Photo-Essay: Wild Parrots at Brooklyn's Green-Wood Cemetery Thriving in Springtime

The wild parrots of Green-Wood Cemetery live in exquisitely beautiful, yet perilous surroundings, given the presence of multiple predators, ranging from Red-Tailed Hawks to Kestrels and American Crows, each of which represents a threat to this small but thriving wild parrot community. We've discussed "The Green-Wood Gang" of parrots before, and thought it was time for a new photo-essay based on new photos I've taken in the past several weeks. Enjoy (click on any image for an enlarged view)!

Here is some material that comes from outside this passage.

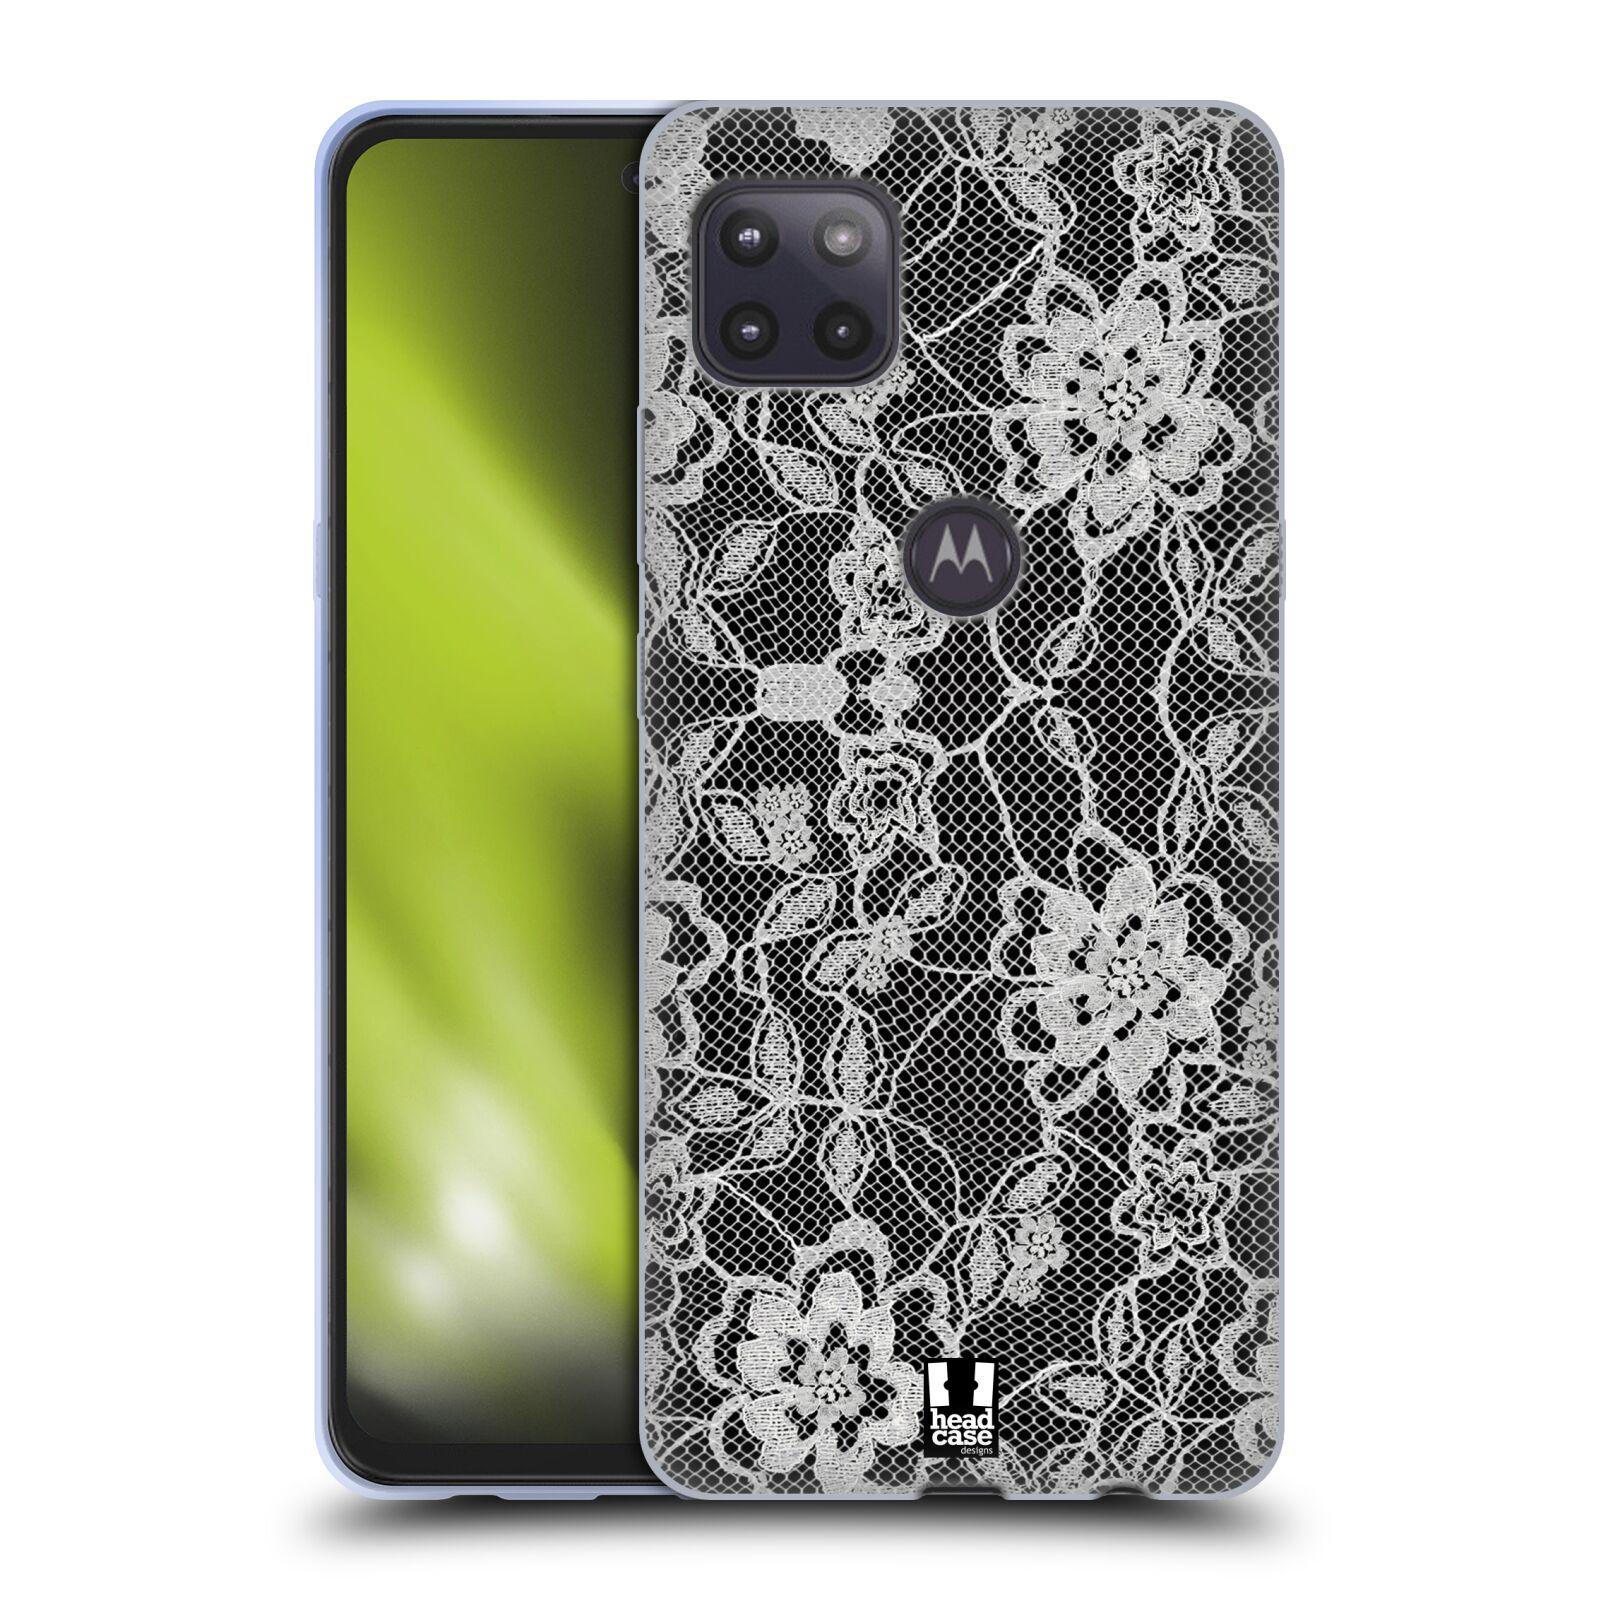 Silikonové pouzdro na mobil Motorola Moto G 5G - Head Case - FLOWERY KRAJKA

A Wild Quaker Parrot cruises near Green-Wood Cemetery's historic entrance gateway
In May, there are already young babies in the Quaker Parrots' enormous nests, so the female parrots generally spend their time inside taking care of their newborns. Consequently, you're likely to find more males than females foraging on the grounds and ferrying twigs to and fro from trees. Here, we see a male heading out to liberate some thorny twigs from a local cherry tree.

A Quaker Parrot examines a branch that needs trimming at Brooklyn's Green-Wood Cemetery.
Quaker Parrots are very picky about the twigs they select for nest building. Only the finest lumber is selected to be part of their homes!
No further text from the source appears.